Сторож полез было в карман, но ничего не достал – выжидательно посмотрел на барышень.
За его богомерзкие речи Чуб уже пообещала себе зажать остаток, но местный Харон был хорошим психологом, и она сдалась – протянула монетку и получила взамен гладкий листок.
На белой мелованной бумаге совсем из другого, ХХ столетья, была изображена средневековая церковная фреска: поджаривающаяся на адском огне грешница с разорванным алым чревом,
– Если милые барышни пожелают взглянуть на коллекцию черепов и зародышей профессора Вальтера – всегда милости просим, – попрощался с ними сторож.
И пока Акнир рылась в своей сумочке, подмигнул Даше так внезапно, азартно, недобро, словно пообещал: скоро встретимся, милая барышня!
– Пожалуй, мы все же сходили не зря, – признала Акнир, когда они вернулись в буфет цирка и заняли свой любимый столик напротив двери, надеясь высидеть тут встречу с Врубелем. – Мама тоже была в анатомичке… не сомневаюсь, сторож ее позабавил. Она верит в киевского Джека.
– С чего ты взяла?
– Ты видела картинку, где Демоны вскрывают в аду грешнице живот и выедают кишки? Тоже своеобразные джеки-потрошители.

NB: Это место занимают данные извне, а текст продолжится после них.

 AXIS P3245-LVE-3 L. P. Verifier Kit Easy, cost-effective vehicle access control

Да и разве сам ваш Бог – не Потрошитель, если после смерти наказывает грешников так?
«…На его милость вам уповать в аду точно не стоит»

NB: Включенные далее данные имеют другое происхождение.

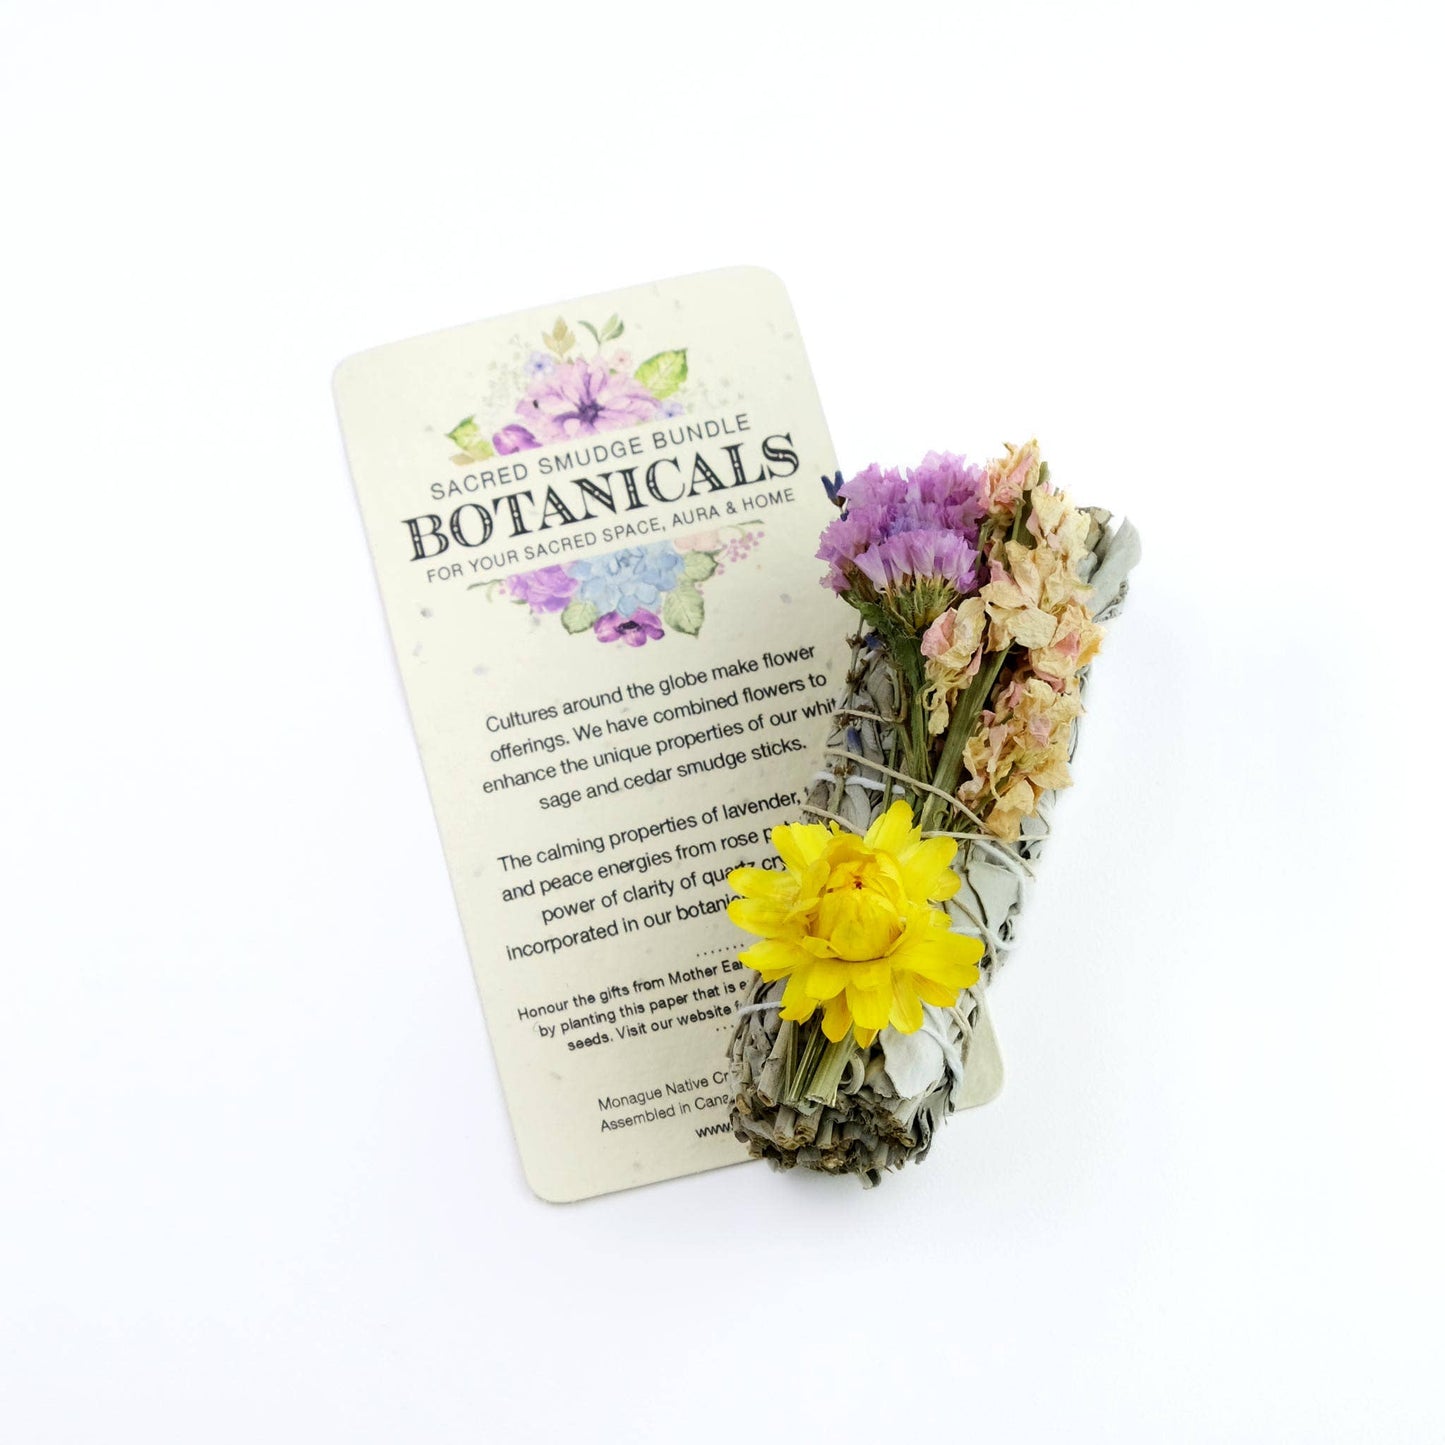 Botanical Small Sage Smudge Bundle with Strawflower & Lavender

«…после смерти черти будут рвать твою душу…»
«Я видела ад…»
В буфете было шумно, все столики заполонили девицы из дамского венского оркестра в одинаковых платьях, крохотных цилиндрах, и унылый буфетчик Бобо буквально расцвел на глазах.

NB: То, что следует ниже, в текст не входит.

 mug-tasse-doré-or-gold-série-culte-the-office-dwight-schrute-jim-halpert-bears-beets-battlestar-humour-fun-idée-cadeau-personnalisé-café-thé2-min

– Так Бог наш во всем виноват? – отогнала страхи Землепотрясная Даша. – Он лично горизонталок кромсает?
– Все может быть, – ответила Акнир одними губами. – Но скорее моя мама поверит в человека, который именно так представляет христианский ад – как место, где грешницам заслуженно выпускают кишки. Киев считают святым Городом, здесь на каждый квадратный метр – десять религиозных фанатиков. А по случаю юбилея Крещения – того больше. Если в этом Городе кто-то начал крошить проституток, то это не обычный маньяк, а религиозный, решивший очистить от шлюх Иерусалим Русской земли. Да хоть тем же ножом «Завьялов», которым Авраам на Крещатике по божьему промыслу чуть не зарезал Исаака.
– Ты просто ведьма и не любишь верующих, и считаешь, что от них одно зло… – благодушно заметила Даша. И умолкла.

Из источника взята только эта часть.